Credit reporting information

54.70 The provisions of Part IIIA apply variously to personal information in ‘credit information files’, ‘credit reports’ and ‘reports’. As discussed in Chapter 53, each term is defined differently. Briefly:

  • a ‘credit information file’ is information kept by a credit reporting agency in the course of carrying on a credit reporting business;[86]

  • a ‘credit report’ is information prepared by a credit reporting agency that is used (by a credit provider) in establishing an individual’s eligibility for credit;[87] and

  • a ‘report’ is a credit report or any other information that has any bearing on an individual’s credit worthiness.[88]

54.71 Stakeholders questioned the need to retain these separate terms, especially in view of commercial practice and technology.[89] Veda Advantage noted that the terms are ‘out of step with commercial practice, technology and market demand’ given that the use of ‘data streams within the credit environment has meant that the traditional concept of a physical credit report no longer exists’.[90]

Discussion Paper proposal

54.72 In DP 72, the ALRC proposed that the Privacy (Credit Reporting Information) Regulations should apply only to the handling by credit reporting agencies and credit providers of personal information maintained by credit reporting agencies and used by credit providers in assessing an individual’s credit worthiness. This category of personal information should be defined as ‘credit reporting information’. The existing definitions of ‘credit information files’, ‘credit reports’ and ‘reports’ would not need to be reproduced in the new regulations.

54.73 The ALRC did not favour incorporating a broader definition of credit information based on the definition of ‘report’ in s 18N(9), as suggested by some stakeholders.[91] Section 18N applies to information contained in ‘reports relating to credit worthiness’. A ‘report’ is defined, for the purposes of the section, as

(a) a credit report; or

(b) … any other record or information, whether in a written, oral or other form, that has any bearing on an individual’s credit worthiness, credit standing, credit history or credit capacity;

but does not include a credit report or any other record or information in which the only personal information relating to individuals is publicly available information.[92]

54.74 A ‘credit report’ is defined as

any record or information, whether in a written, oral or other form, that:

(a) is being or has been prepared by a credit reporting agency; and

(b) has any bearing on an individual’s:

(i) eligibility to be provided with credit; or

(ii) history in relation to credit; or

(iii) capacity to repay credit; and

(c) is used, has been used or has the capacity to be used for the purpose of serving as a factor in establishing an individual’s eligibility for credit.[93]

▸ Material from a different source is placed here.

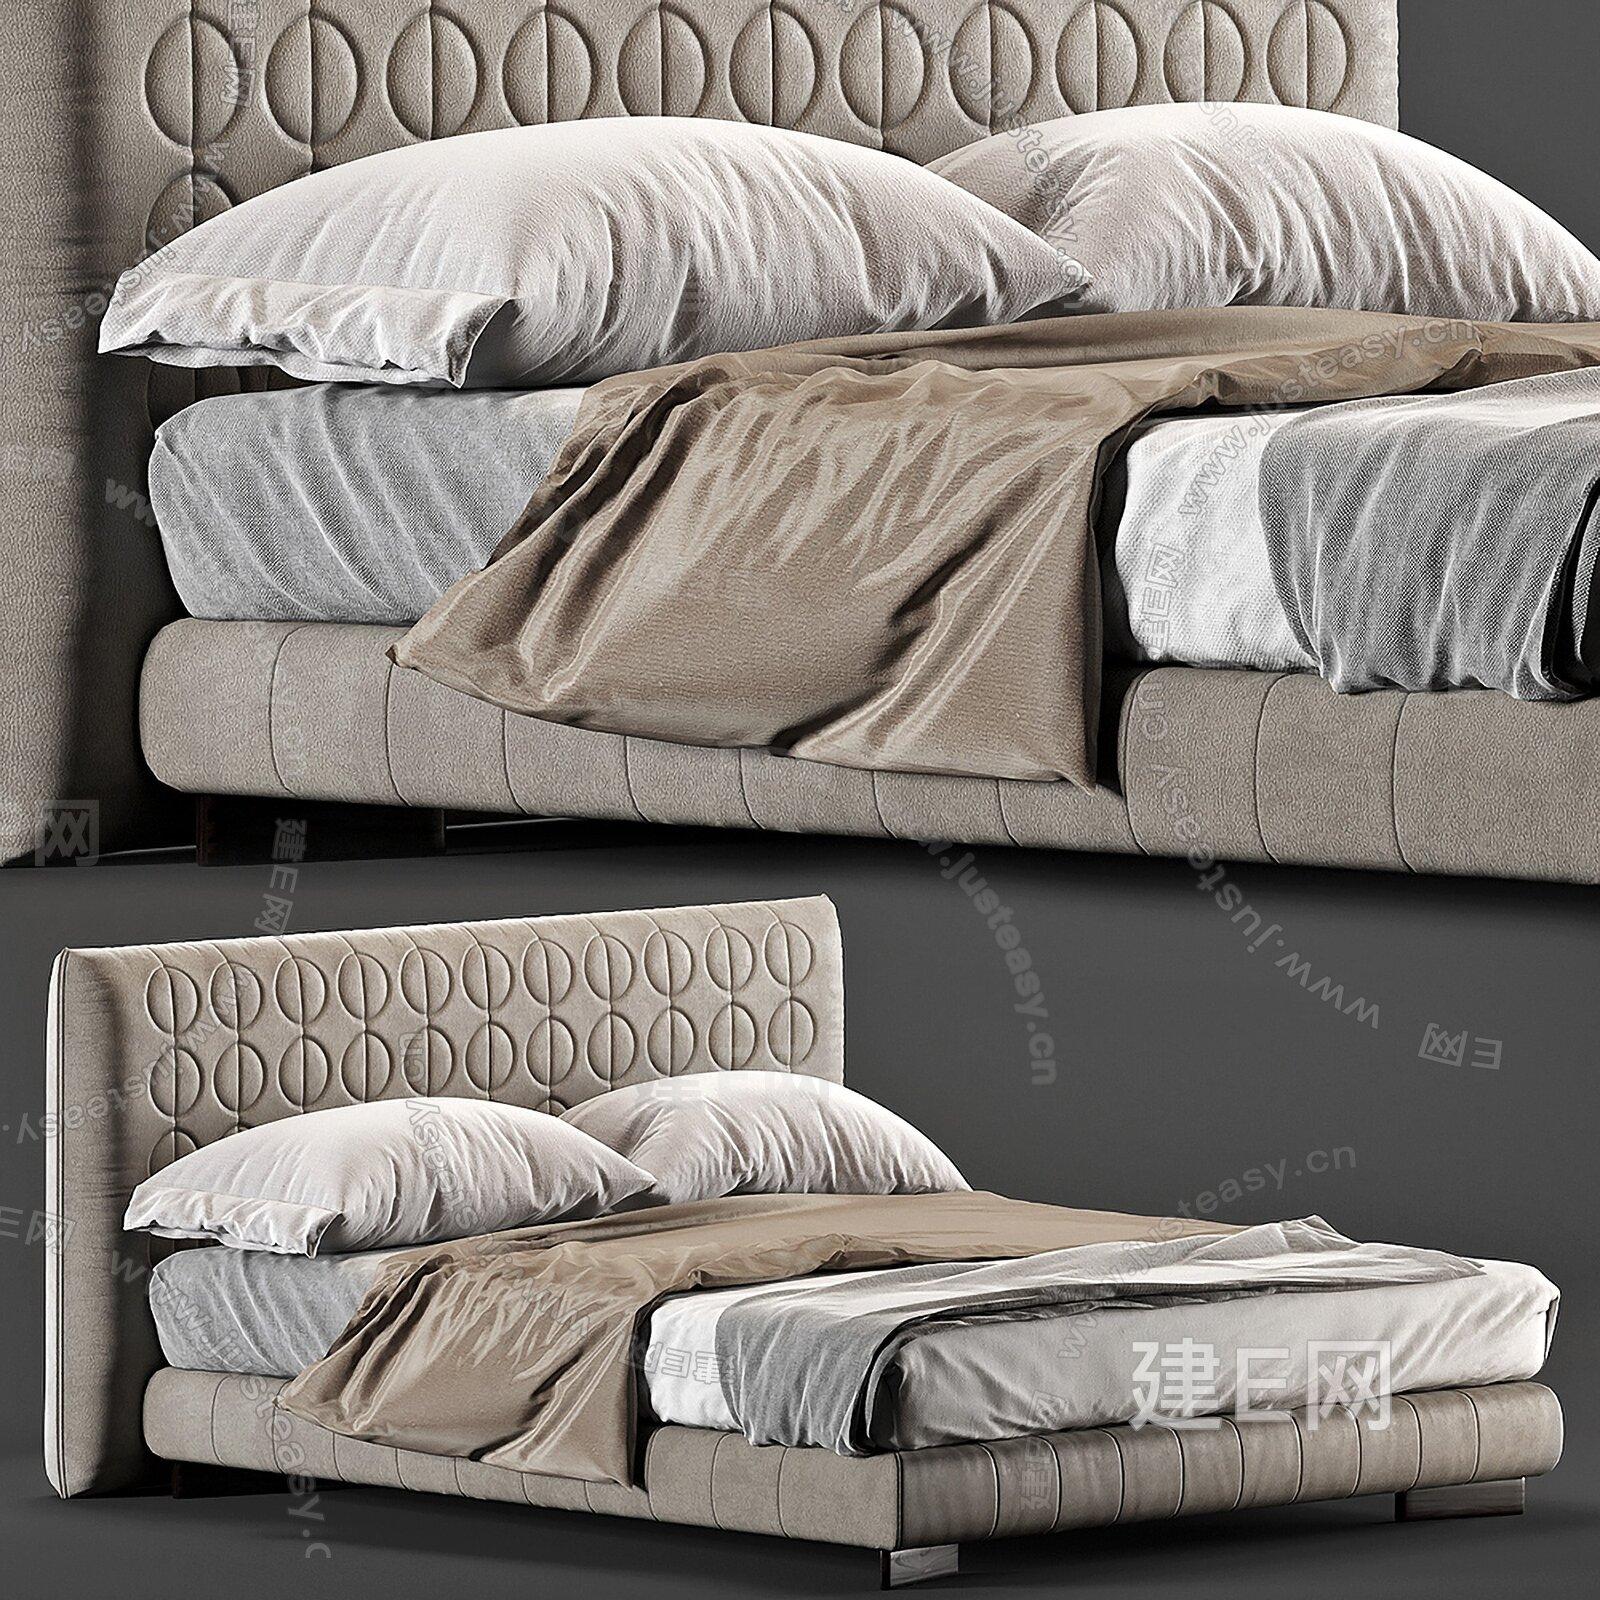 Minotti 现代轻奢双人床3d模型

54.75 Rather, the ALRC’s view was that the proposed definition of credit reporting information should combine elements of the current definitions of ‘credit information file’ and ‘credit report’. The ALRC suggested the following illustrative definition:

credit reporting information, means any record that contains personal information about an individual and is:

(a) maintained by a credit reporting agency in the course of carrying on a credit reporting business; or

(b) held by a credit provider and:

(i) is being or has been prepared by a credit reporting agency; and

(ii) has any bearing on an individual’s eligibility to be provided with credit, history in relation to credit, or capacity to repay credit; and

(iii) is used, has been used or has the capacity to be used for the purpose of serving as a factor in establishing an individual’s eligibility for credit.[94]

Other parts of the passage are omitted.